#### DATASET RECORDS

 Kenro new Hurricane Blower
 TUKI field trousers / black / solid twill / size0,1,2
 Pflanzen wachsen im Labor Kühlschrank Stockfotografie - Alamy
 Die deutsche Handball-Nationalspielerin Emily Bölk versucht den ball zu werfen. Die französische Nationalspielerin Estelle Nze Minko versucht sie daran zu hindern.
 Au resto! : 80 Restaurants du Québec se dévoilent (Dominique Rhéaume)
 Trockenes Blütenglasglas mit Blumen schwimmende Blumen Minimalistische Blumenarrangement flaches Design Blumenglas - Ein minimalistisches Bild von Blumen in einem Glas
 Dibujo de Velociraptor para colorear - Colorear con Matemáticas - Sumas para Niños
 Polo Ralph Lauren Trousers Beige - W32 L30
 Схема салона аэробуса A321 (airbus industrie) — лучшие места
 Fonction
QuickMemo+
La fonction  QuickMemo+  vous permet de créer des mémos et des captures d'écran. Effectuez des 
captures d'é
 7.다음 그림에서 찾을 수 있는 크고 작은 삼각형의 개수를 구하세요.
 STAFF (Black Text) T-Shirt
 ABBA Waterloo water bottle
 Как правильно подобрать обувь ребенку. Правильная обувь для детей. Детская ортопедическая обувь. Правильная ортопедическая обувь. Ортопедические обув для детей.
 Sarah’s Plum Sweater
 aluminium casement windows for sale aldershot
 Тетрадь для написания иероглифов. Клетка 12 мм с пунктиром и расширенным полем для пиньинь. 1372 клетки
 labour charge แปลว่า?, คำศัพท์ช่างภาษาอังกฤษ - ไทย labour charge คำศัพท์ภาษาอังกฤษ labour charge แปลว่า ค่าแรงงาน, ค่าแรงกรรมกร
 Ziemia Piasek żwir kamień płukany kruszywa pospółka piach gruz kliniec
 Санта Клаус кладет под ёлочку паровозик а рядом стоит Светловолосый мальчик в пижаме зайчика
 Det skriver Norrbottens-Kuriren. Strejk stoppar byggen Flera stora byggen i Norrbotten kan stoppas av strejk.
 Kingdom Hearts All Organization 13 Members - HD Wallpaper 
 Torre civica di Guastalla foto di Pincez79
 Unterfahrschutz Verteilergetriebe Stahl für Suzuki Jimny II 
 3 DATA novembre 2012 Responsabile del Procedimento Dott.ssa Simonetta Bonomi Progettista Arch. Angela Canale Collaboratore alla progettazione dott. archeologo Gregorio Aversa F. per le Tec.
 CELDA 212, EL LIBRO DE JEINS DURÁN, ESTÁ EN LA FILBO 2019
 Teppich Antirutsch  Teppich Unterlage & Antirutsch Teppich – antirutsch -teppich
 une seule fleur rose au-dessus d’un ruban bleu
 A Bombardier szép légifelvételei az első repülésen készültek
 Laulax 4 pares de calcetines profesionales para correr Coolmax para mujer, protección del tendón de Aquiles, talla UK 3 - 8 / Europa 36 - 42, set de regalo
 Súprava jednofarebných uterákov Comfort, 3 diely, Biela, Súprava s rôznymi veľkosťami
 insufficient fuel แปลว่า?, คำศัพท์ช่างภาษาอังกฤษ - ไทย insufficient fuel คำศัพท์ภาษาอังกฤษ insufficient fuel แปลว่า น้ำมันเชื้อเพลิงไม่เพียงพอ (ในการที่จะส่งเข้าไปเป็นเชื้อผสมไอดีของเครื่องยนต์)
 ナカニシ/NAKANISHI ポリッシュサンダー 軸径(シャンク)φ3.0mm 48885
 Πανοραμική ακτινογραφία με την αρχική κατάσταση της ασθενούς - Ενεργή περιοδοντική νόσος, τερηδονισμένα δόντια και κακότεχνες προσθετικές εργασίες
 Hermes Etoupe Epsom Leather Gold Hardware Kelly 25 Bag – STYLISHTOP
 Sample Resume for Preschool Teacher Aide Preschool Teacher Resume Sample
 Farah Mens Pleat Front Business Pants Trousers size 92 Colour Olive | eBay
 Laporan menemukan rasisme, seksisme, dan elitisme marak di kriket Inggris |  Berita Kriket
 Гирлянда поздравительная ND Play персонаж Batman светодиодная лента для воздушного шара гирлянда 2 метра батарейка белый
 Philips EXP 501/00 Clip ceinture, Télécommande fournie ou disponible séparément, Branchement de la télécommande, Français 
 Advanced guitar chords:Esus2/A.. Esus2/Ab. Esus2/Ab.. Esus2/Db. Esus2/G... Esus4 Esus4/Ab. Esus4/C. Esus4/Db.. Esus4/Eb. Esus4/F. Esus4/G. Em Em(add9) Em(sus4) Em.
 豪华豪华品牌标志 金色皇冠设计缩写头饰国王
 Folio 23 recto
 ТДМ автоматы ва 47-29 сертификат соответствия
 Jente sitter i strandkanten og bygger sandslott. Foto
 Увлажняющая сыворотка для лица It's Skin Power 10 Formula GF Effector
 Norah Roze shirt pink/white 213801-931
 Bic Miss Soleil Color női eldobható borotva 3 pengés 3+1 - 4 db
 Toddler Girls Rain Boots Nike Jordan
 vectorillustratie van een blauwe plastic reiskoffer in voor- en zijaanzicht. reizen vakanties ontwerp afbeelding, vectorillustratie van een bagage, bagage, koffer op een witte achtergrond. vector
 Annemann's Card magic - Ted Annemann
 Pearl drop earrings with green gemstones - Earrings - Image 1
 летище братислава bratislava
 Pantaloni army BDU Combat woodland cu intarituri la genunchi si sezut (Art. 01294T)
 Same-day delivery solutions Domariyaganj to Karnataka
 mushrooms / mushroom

########

AIM OF THE EXERCISE | Would you please copy the lines above, from the one holding "Pearl drop earrings" through the last, and nothing else?

SOLVED PROBLEM |
 Pearl drop earrings with green gemstones - Earrings - Image 1
 летище братислава bratislava
 Pantaloni army BDU Combat woodland cu intarituri la genunchi si sezut (Art. 01294T)
 Same-day delivery solutions Domariyaganj to Karnataka
 mushrooms / mushroom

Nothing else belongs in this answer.